On being mistaken for a lesbian and her affinity with LGBT people:
“I get mistaken for a lesbian all the time—but I guess I do have the most lesbian haircut of any of the girls in my field,” she laughs, referring to her signature blonde bowl cut. “And when I was growing up and I introduced myself to people I’d say, ‘Hi, my name is Robyn and I’m a girl,’ because in Sweden, Robyn is a boy’s name and I had such short hair. My handicrafts teacher thought I was a boy for three years.

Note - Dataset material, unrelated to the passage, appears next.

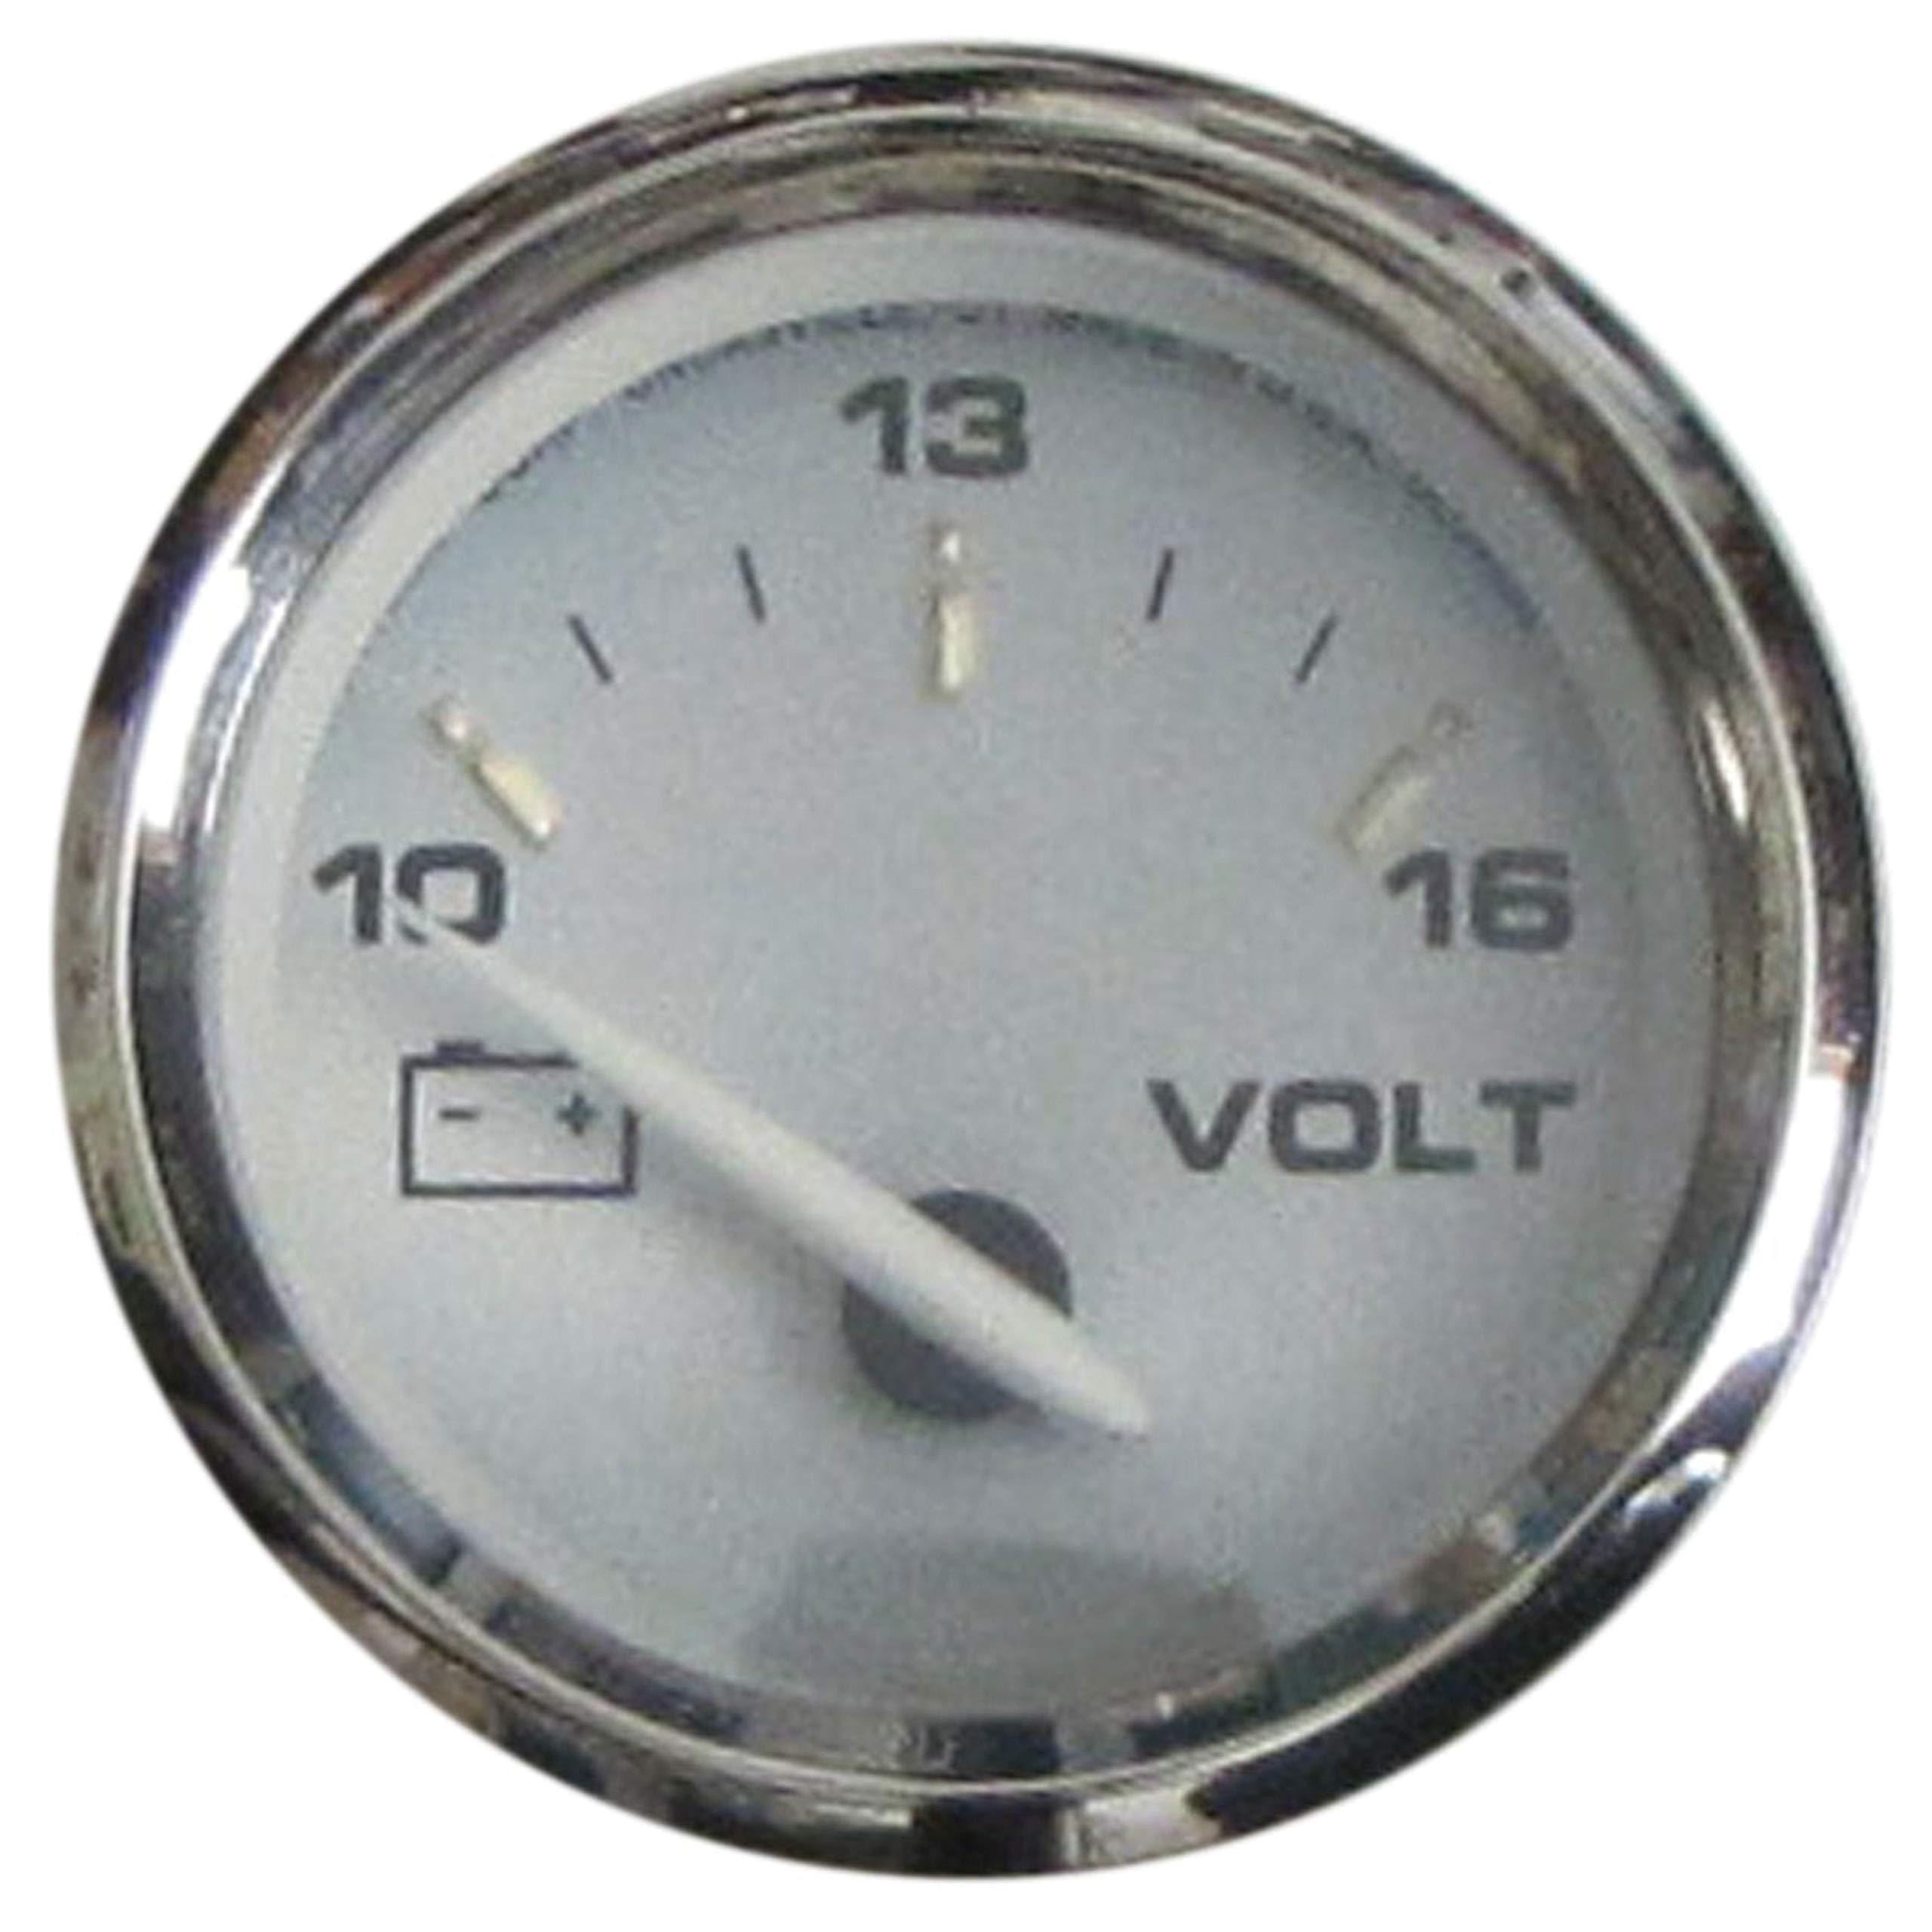 Faria Beige 19004 Kronos Voltmeter 10-16Vdc by Faria

I tried to tell her I was a girl, but she’d just say, ‘My little boy wanted to be a girl when he was a kid, too.’ Finally my mom had to write her a note that said, ‘Please don’t assume that Robyn is a boy anymore because she’s a girl.’ Having that experience where I was confronted by people’s reactions to what I looked like or what I was supposed to look like made me identify with queerness. It still happens to me all the time, and a lot of the time it happens to me in America because even though what I consider butch is still very feminine in Europe, here you can shock people very easily just by looking a little queer.”
On her hit "Dancing On My Own" being considered a gay anthem:
Unlike some straight artists whose jockeying to be the voice of the gay community has left many feeling patronized and pandered to, Robyn doesn’t presume to speak for anyone but herself. “I have never thought of ‘Dancing on My Own’ as a gay anthem, but hearing it put that way doesn’t surprise me,” she says. “Gay culture has always had to embody outsidership. I think we’re all just scared to be lonely. We all want to be loved and we all want to be seen. When you’re different on a very basic level, that feeling is going to be with you more often than someone who doesn’t have to face what being an outsider is really like. I think it’s a song about being on the outside—very physically—and if it feels like a gay anthem then I take that as a super compliment.”